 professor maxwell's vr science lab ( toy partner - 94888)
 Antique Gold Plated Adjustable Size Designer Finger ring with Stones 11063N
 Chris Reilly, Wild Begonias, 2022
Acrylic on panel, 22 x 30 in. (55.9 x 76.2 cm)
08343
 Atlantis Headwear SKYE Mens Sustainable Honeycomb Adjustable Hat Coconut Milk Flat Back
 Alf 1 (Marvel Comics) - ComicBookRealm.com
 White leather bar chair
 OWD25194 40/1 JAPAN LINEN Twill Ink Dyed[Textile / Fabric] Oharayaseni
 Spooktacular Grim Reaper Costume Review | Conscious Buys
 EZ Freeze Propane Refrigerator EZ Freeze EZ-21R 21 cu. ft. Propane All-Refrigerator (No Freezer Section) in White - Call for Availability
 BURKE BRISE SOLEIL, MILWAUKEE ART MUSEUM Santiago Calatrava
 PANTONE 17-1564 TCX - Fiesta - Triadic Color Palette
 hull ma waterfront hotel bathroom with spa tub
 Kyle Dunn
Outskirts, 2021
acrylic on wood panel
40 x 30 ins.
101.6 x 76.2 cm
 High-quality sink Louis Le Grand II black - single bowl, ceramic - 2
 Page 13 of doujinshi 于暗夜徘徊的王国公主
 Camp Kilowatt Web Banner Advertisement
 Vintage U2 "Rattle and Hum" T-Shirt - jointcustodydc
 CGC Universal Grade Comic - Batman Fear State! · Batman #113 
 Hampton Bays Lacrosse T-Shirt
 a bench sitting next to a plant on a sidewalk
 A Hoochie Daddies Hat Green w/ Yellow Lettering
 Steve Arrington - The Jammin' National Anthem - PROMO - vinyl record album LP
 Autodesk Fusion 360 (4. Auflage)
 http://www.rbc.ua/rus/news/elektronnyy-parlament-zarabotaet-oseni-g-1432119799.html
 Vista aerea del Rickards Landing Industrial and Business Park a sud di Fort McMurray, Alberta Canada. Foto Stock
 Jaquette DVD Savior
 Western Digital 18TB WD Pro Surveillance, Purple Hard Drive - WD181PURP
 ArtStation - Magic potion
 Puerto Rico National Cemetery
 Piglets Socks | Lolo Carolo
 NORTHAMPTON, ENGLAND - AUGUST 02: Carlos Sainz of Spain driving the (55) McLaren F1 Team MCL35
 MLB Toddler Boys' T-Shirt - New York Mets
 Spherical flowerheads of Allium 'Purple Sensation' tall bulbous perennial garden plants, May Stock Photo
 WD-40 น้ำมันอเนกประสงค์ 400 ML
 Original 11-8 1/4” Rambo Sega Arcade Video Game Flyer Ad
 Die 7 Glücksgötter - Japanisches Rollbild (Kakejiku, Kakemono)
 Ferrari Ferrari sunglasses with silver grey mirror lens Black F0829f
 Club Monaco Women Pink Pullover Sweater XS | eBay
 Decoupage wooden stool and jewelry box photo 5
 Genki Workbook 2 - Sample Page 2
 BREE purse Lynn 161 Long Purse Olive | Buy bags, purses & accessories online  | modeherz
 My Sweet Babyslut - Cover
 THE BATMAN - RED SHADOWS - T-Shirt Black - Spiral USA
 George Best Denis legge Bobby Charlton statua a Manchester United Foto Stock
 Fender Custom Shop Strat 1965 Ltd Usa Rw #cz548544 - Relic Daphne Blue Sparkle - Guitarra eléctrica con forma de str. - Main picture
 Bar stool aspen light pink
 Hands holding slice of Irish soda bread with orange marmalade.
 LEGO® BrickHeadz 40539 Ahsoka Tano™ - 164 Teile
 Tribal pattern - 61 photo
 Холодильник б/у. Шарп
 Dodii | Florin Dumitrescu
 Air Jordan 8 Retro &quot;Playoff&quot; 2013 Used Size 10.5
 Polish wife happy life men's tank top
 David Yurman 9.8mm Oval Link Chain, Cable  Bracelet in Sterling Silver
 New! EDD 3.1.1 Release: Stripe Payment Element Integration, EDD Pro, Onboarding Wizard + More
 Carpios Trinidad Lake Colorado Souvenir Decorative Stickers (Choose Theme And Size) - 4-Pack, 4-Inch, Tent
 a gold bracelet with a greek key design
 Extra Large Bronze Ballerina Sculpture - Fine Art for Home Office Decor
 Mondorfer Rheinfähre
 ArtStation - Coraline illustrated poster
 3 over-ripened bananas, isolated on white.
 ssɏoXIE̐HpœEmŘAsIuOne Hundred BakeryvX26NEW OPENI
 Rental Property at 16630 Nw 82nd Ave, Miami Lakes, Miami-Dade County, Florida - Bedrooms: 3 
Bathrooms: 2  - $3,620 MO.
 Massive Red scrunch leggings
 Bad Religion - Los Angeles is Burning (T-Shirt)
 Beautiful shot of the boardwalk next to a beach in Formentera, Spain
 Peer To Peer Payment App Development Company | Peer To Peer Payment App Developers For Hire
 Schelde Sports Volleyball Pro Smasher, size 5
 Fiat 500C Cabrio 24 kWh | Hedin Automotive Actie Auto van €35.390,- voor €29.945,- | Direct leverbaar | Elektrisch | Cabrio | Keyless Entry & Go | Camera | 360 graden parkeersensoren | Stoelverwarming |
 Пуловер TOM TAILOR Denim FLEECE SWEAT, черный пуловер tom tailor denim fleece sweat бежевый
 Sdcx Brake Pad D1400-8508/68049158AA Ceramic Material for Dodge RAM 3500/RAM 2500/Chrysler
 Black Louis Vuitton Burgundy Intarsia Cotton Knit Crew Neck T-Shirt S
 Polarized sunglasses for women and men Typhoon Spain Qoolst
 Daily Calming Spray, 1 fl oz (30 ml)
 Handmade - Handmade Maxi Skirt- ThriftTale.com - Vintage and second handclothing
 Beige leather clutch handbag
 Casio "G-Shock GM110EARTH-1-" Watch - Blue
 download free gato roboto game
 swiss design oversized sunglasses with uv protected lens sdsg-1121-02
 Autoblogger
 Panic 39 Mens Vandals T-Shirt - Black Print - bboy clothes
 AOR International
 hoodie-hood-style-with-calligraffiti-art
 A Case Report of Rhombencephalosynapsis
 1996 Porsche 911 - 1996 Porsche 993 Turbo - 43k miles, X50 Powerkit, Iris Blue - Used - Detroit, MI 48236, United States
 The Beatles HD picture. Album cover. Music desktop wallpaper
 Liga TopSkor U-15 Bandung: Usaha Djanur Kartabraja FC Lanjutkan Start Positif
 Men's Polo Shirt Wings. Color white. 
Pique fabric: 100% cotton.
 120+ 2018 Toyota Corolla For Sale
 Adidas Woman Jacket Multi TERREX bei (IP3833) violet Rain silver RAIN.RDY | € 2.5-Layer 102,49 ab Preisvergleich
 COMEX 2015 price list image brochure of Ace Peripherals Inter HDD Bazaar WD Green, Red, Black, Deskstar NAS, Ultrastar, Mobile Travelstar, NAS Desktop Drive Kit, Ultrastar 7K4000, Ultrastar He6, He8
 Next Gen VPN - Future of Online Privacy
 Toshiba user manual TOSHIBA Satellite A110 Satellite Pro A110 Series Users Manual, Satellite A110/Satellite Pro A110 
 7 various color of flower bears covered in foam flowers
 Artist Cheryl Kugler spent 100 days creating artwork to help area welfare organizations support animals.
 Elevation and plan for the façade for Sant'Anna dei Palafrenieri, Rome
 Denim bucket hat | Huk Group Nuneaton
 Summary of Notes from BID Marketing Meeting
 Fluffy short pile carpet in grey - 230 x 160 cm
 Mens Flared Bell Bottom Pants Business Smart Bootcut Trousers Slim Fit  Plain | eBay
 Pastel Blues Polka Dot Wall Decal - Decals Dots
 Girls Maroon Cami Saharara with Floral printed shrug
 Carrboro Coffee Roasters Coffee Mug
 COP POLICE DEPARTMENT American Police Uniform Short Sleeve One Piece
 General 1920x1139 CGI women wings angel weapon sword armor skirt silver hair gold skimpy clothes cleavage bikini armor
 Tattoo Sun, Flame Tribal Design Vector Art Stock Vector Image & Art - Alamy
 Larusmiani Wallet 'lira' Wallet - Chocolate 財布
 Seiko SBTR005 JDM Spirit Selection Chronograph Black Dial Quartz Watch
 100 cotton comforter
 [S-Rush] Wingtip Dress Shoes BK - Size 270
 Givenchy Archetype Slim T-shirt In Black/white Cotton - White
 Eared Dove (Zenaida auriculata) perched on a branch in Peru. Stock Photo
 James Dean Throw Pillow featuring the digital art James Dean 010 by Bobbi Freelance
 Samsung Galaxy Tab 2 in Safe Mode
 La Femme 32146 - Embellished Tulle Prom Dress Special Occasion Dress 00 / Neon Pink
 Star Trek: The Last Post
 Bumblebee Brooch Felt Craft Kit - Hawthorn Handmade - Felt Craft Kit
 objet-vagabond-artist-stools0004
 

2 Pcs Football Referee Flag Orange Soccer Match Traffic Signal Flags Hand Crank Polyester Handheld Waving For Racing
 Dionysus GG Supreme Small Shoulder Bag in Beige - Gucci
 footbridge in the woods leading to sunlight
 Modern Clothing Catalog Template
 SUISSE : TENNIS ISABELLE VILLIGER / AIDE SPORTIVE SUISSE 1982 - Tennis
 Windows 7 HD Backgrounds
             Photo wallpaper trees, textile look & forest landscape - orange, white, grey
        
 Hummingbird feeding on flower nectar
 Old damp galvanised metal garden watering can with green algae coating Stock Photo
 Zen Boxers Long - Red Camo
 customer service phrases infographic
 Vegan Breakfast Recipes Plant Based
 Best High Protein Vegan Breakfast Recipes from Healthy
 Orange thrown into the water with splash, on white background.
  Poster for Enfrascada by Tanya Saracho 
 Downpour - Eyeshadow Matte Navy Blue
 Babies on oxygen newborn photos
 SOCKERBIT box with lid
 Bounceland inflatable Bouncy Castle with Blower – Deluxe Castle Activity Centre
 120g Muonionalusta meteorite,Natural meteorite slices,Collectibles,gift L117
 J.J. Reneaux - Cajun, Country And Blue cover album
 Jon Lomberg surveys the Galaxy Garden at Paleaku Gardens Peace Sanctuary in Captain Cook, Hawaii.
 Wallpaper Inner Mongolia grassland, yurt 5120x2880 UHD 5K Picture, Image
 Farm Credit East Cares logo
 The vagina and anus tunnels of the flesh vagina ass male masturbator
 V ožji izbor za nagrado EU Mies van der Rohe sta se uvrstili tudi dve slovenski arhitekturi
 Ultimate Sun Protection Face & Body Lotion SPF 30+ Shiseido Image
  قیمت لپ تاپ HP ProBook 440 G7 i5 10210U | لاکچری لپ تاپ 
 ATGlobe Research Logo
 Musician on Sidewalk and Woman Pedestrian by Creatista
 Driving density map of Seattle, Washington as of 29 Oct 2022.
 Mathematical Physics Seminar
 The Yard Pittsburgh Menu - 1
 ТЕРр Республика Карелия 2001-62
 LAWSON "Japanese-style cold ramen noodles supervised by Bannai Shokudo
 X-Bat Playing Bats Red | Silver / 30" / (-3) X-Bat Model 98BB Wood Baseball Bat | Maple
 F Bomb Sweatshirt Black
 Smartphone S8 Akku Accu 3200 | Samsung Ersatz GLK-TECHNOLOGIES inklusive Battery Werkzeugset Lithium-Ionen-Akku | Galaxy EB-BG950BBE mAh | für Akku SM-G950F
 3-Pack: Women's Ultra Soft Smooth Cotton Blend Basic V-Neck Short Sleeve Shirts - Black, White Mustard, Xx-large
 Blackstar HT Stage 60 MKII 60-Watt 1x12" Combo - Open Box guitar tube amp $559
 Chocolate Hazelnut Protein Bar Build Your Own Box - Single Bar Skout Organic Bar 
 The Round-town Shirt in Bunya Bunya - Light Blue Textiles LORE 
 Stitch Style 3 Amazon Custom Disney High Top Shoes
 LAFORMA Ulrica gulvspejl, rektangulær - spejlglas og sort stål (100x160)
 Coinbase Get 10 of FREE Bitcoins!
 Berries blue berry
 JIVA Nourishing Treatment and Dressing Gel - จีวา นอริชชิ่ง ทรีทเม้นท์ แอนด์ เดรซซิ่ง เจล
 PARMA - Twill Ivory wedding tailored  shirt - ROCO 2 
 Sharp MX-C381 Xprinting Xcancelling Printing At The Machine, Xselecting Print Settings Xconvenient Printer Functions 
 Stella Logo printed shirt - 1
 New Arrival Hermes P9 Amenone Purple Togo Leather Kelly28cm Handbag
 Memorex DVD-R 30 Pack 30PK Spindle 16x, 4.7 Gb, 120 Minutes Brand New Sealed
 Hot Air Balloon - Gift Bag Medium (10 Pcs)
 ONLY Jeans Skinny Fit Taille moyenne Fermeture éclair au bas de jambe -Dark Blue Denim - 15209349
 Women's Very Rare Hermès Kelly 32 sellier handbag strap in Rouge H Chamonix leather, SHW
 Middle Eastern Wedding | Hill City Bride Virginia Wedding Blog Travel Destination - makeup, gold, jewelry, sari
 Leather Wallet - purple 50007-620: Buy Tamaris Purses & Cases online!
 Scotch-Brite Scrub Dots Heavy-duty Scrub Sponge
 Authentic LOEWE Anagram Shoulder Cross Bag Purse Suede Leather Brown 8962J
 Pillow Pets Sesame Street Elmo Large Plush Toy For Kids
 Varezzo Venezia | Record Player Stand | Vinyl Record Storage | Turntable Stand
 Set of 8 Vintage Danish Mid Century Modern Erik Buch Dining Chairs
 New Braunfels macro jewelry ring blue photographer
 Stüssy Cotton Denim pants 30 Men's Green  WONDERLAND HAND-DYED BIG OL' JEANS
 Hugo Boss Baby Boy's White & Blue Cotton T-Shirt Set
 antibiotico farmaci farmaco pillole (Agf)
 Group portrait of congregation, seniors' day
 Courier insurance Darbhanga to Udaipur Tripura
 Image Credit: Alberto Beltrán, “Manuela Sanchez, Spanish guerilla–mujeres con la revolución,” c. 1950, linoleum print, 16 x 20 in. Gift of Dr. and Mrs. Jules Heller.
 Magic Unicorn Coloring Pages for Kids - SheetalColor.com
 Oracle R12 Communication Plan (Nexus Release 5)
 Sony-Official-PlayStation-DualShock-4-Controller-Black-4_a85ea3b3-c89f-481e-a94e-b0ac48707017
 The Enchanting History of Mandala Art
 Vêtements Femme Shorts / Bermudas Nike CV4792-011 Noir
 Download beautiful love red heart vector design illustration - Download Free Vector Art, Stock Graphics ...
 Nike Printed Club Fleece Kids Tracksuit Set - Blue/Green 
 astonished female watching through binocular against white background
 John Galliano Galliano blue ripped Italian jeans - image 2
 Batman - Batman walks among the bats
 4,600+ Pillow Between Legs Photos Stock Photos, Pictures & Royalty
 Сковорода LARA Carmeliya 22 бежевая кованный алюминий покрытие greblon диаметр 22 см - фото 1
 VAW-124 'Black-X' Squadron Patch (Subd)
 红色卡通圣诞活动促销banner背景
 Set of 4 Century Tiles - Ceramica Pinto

* * *

§ **About this exercise**: Your answer must be a copy of every line in the data above that holds the string "Protein".

§ **Your response**:
 Best High Protein Vegan Breakfast Recipes from Healthy
 Chocolate Hazelnut Protein Bar Build Your Own Box - Single Bar Skout Organic Bar 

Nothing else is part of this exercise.